Miércoles, 5 de marzo de 2008
Aidan y yo solíamos pintar en esta habitación —dice Mary—. Junios. Pintábamos durante horas y horas, en silencio. Después de la muerte de Martha, le hice una copia de la llave de esta casa. A menudo solía quedarse a pasar aquí la noche. —Se vuelve hacia mí—. En la habitación de invitados, la misma en la que has dormido tú.

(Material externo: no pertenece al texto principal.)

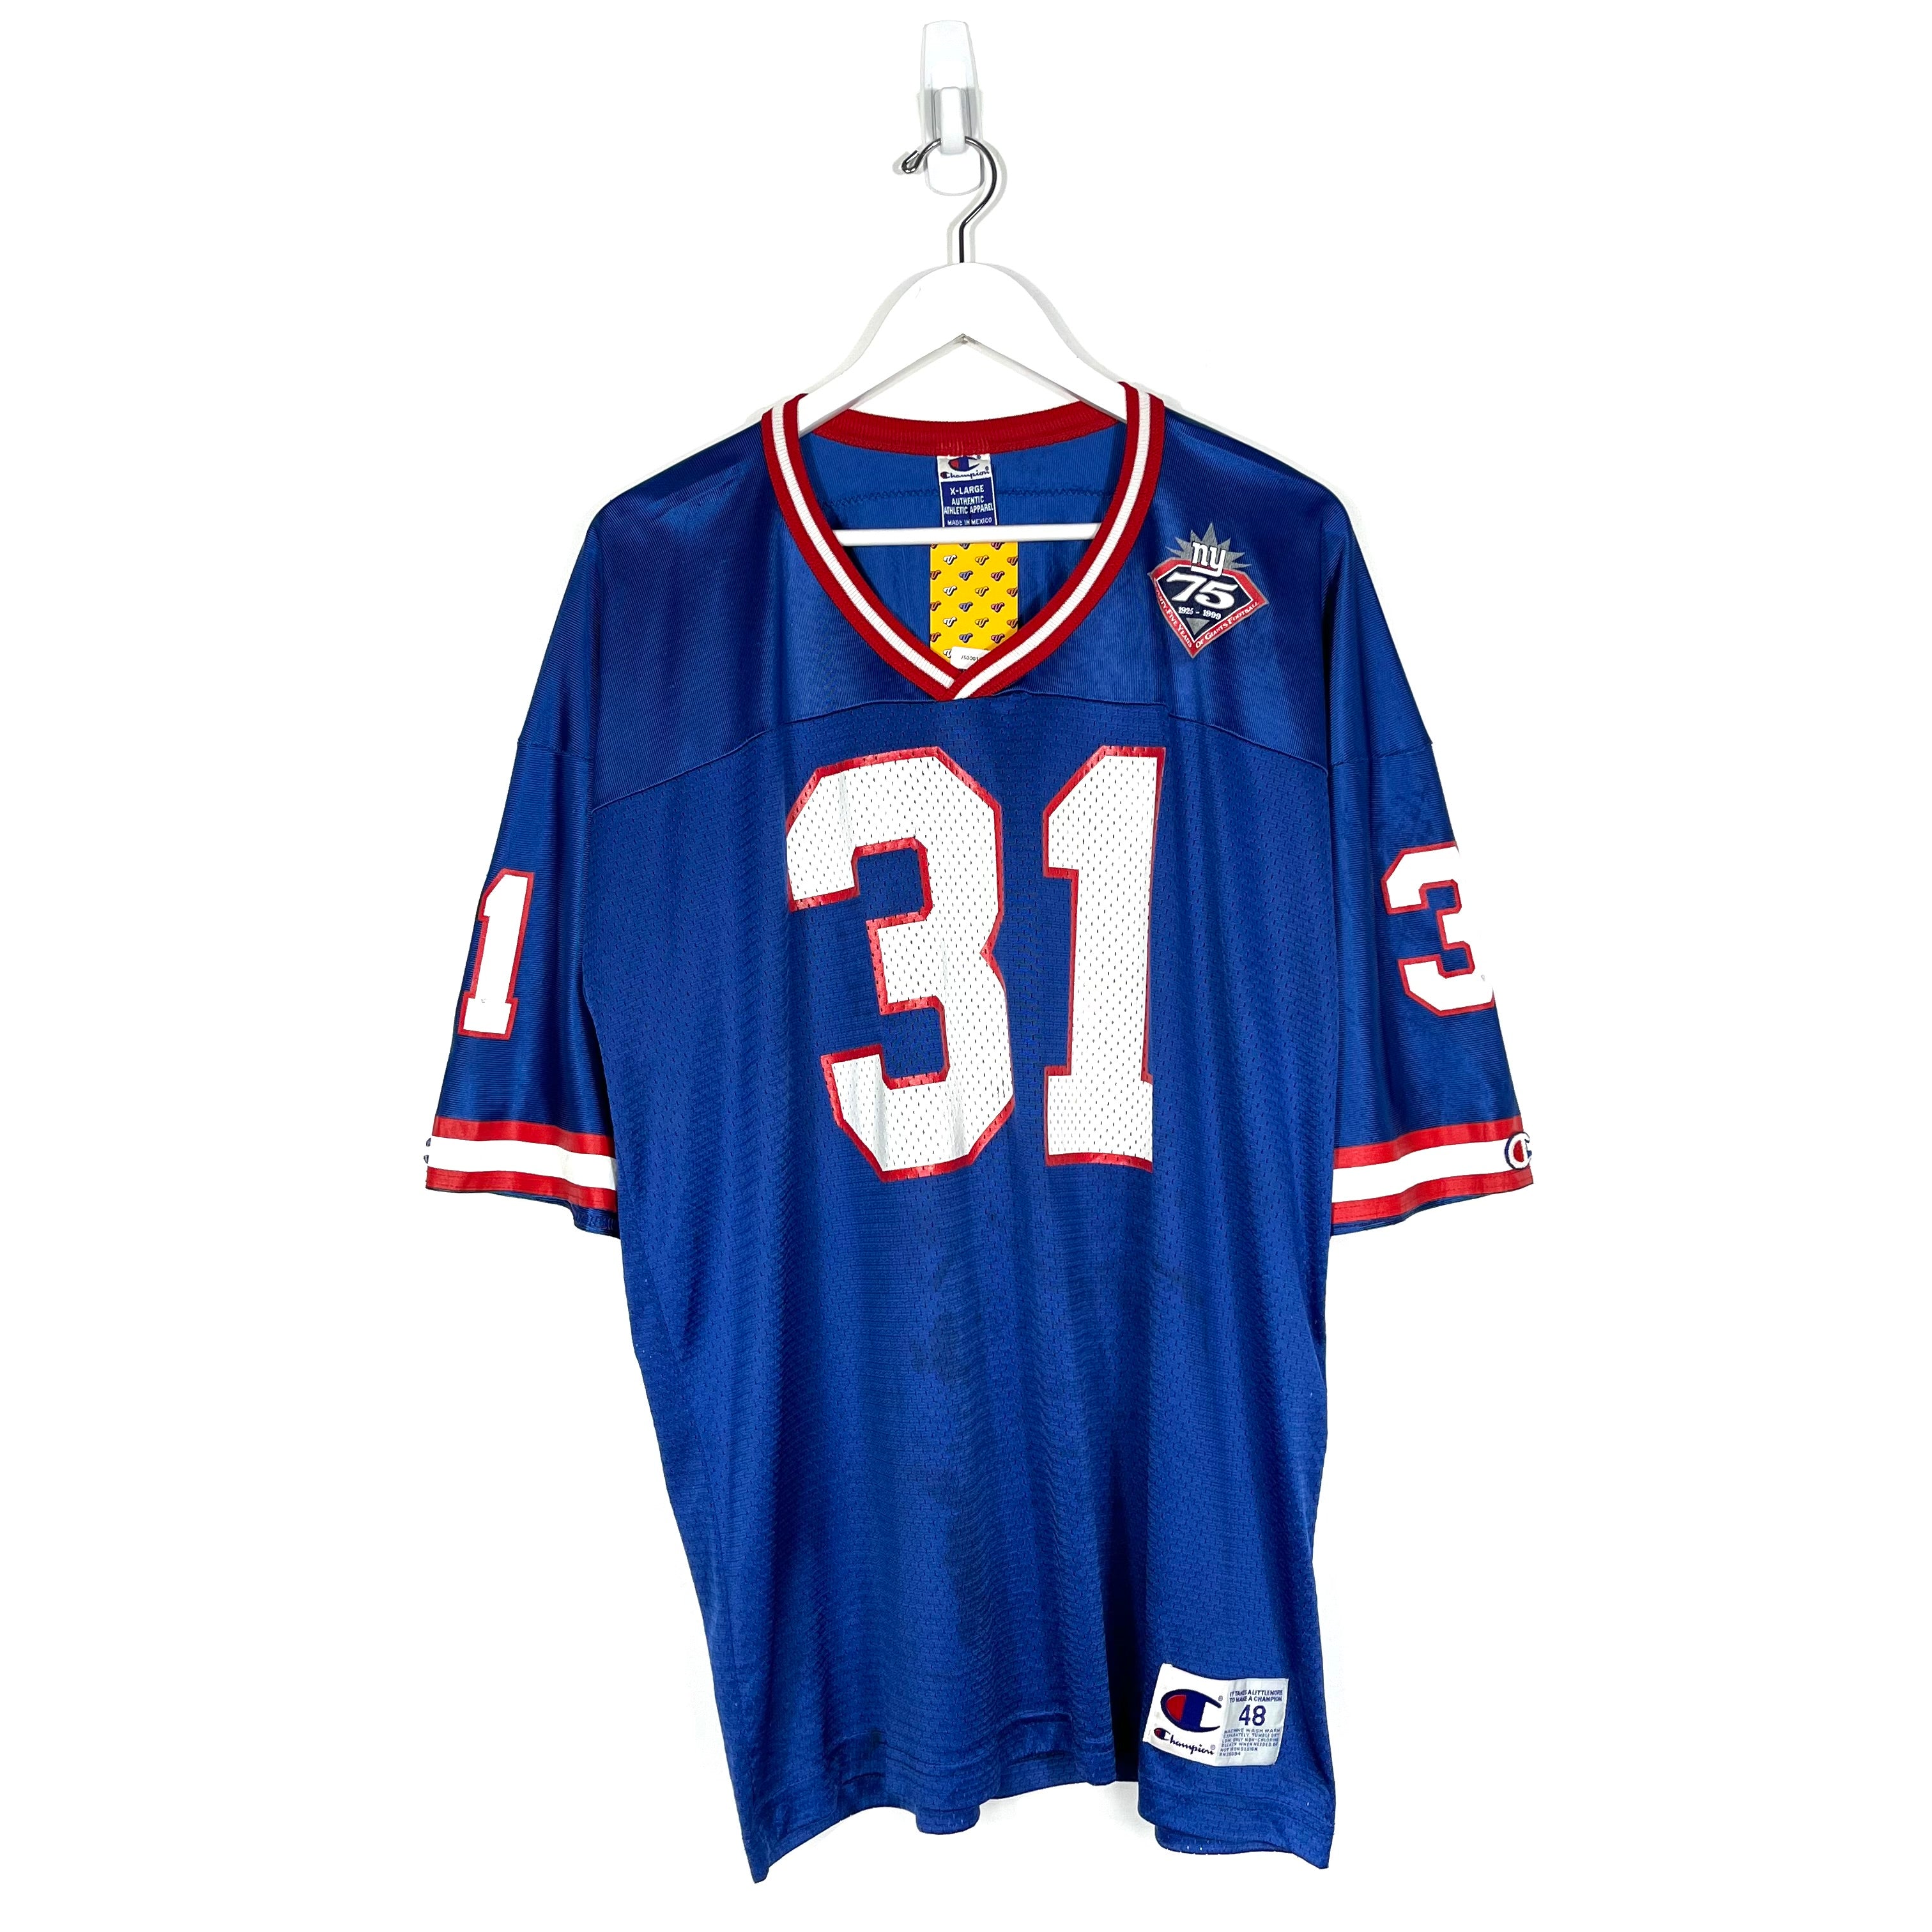 Vintage 1999 Champion NFL New York Giants Jason Sehorn #31 Jersey - Me

Hago un esfuerzo por no cambiar mi expresión. En esta habitación hay algo que no me cuadra, aunque no sabría decir de qué se trata. Me quedo mirando el montón de cuadros destrozados que tengo frente a mí, sin acabar de dar crédito a lo que veo.

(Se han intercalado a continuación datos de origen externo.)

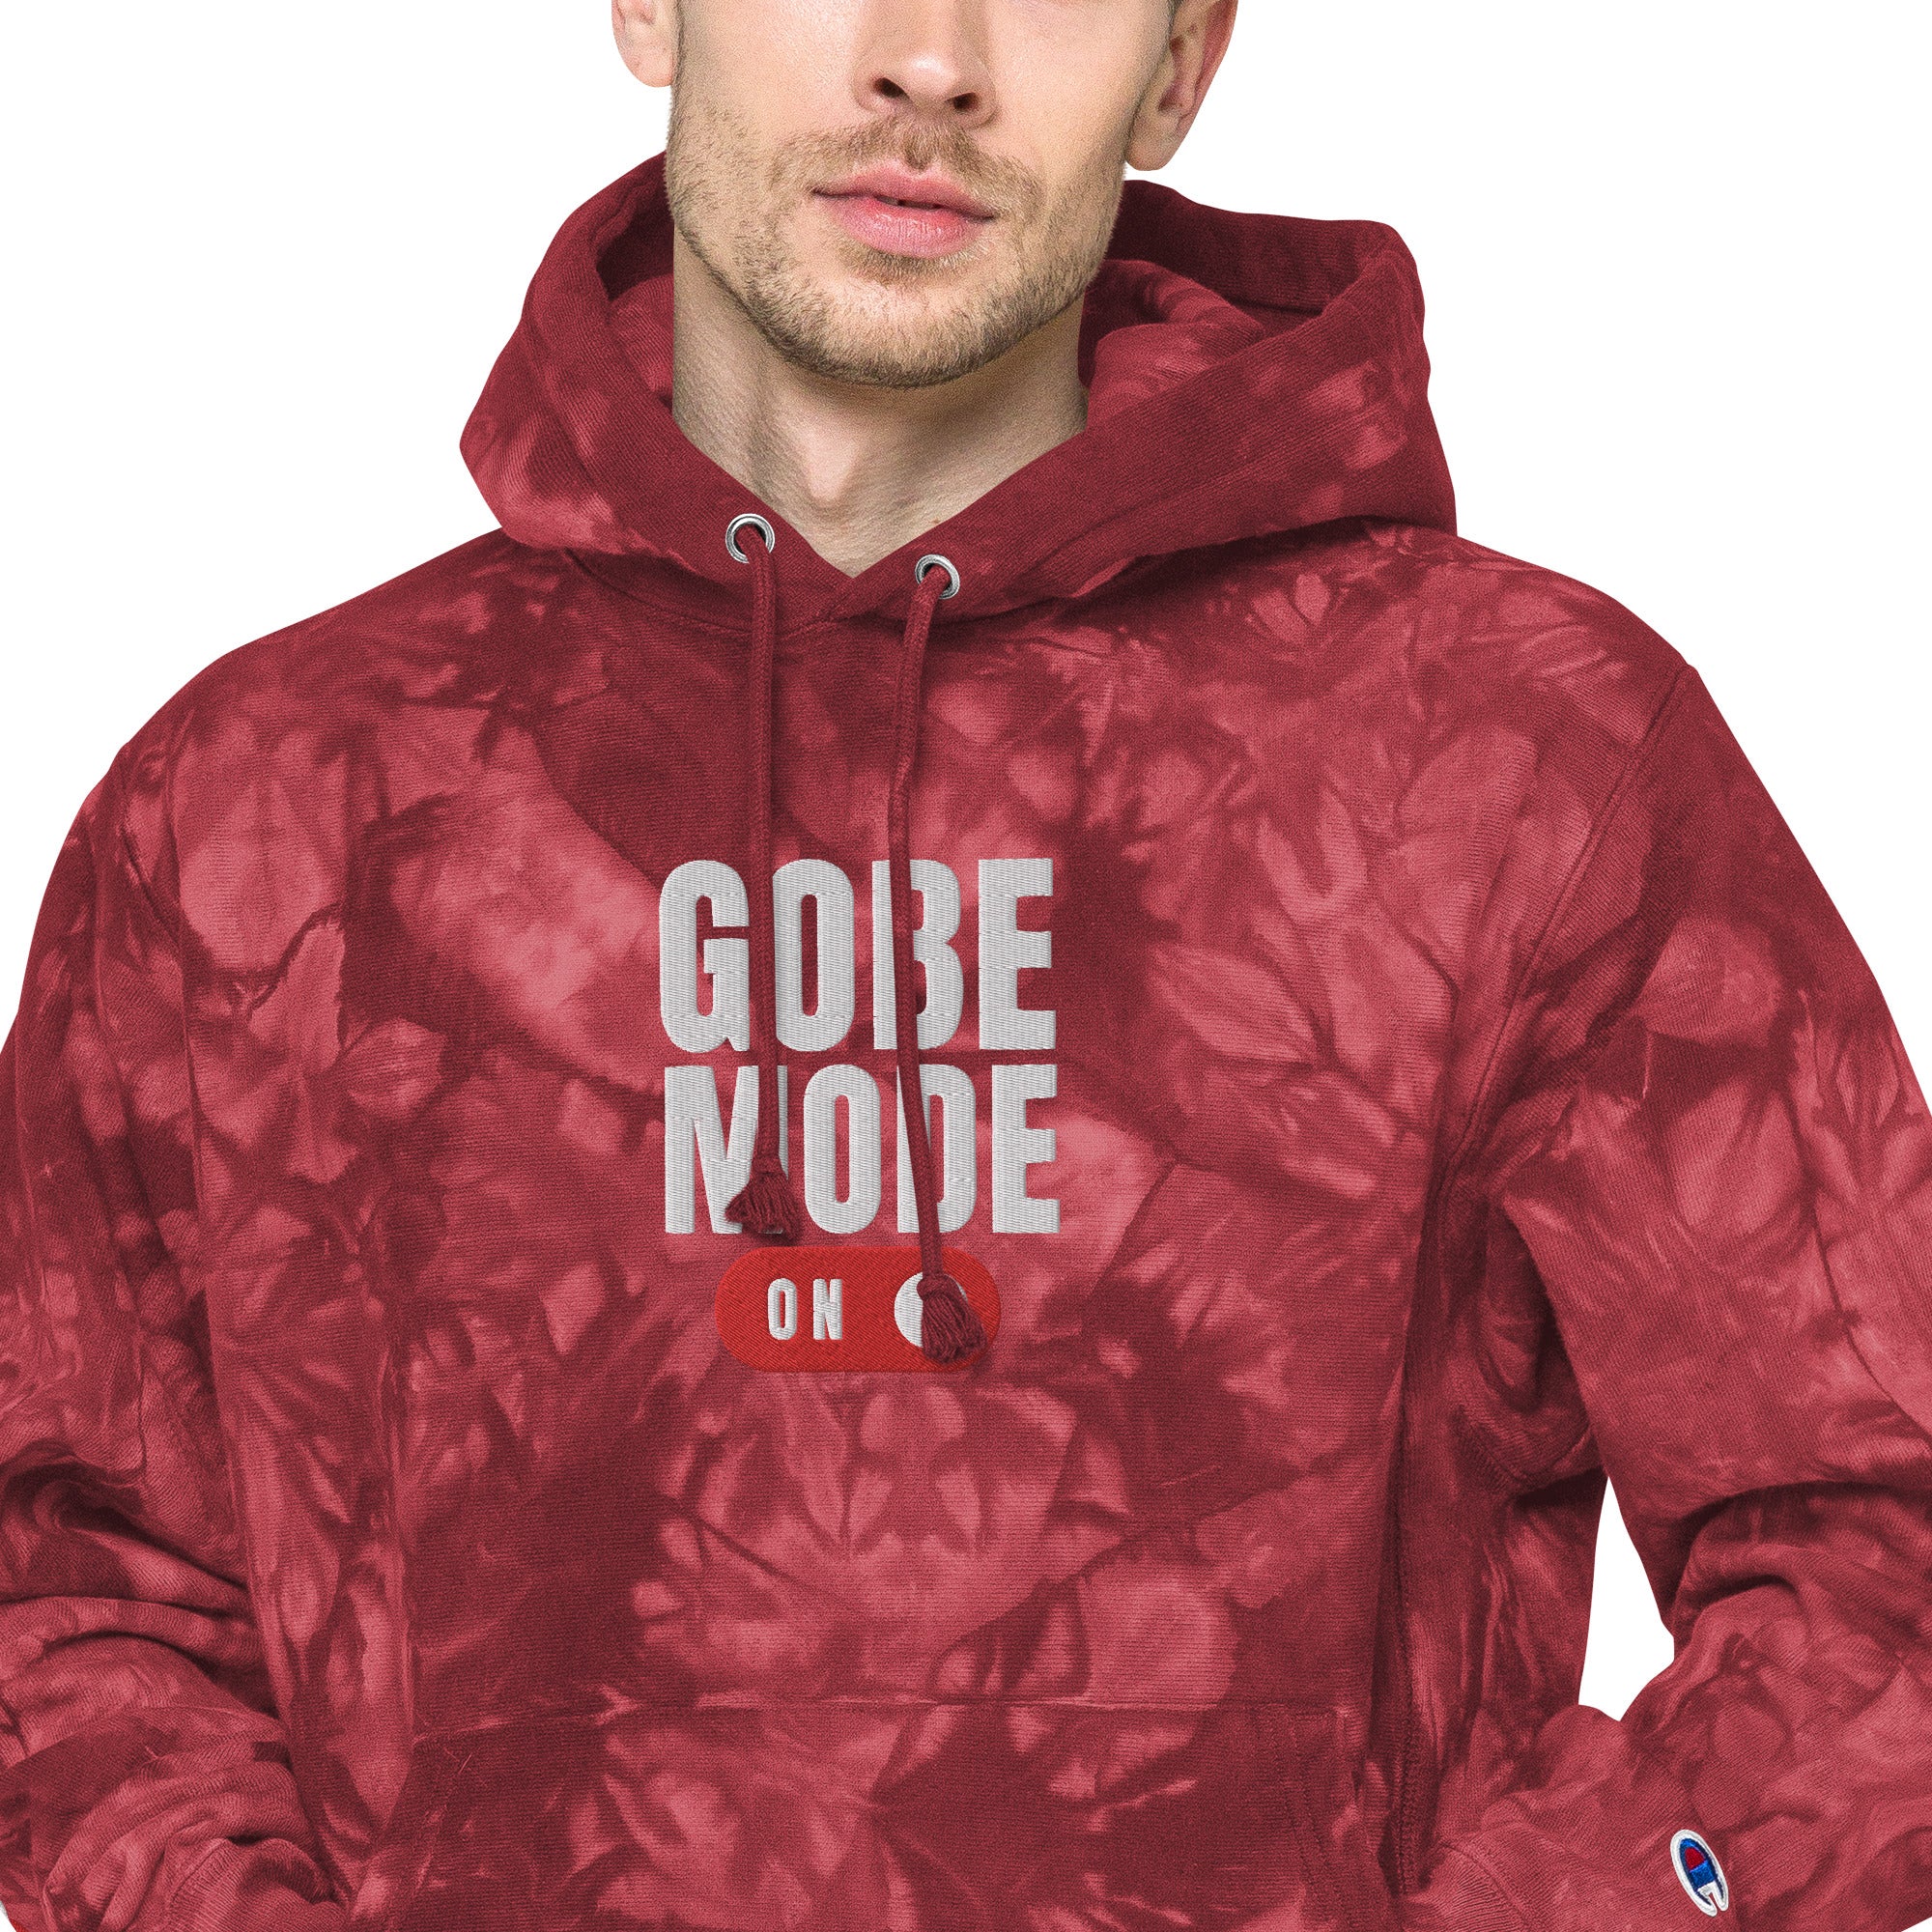 GOBE MODE ON Unisex Champion tie-dye hoodie

—¿Te importa que no te lo haya dicho? —Me doy cuenta de que Mary se refiere a Aidan y a la habitación de invitados—. Solo es una habitación. No creo que las habitaciones conserven los recuerdos del pasado. No hay ningún ambiente especial; solo es algo que está en la cabeza de la gente.
—¿Le hiciste una copia de la llave a Aidan? —De repente, me parece importante aclarar todos los detalles—. Pero esta casa no es tuya: no eres su propietaria.
Mary se encoge de hombros.
—¿Y? Soy yo quien la utilizo.
—¿Qué pensaba la madre de Martha del hecho de que Aidan se quedara aquí?
Si yo tuviese una hija que se había ahorcado por culpa de un hombre que la trataba mal, no lo habría querido tener cerca ni en una casa de mi propiedad.
Si hubiese visto cómo se ahorcaba mi mejor amiga, o mi amante, o mi examante, la última cosa que hubiera deseado es estar en la habitación donde había ocurrido.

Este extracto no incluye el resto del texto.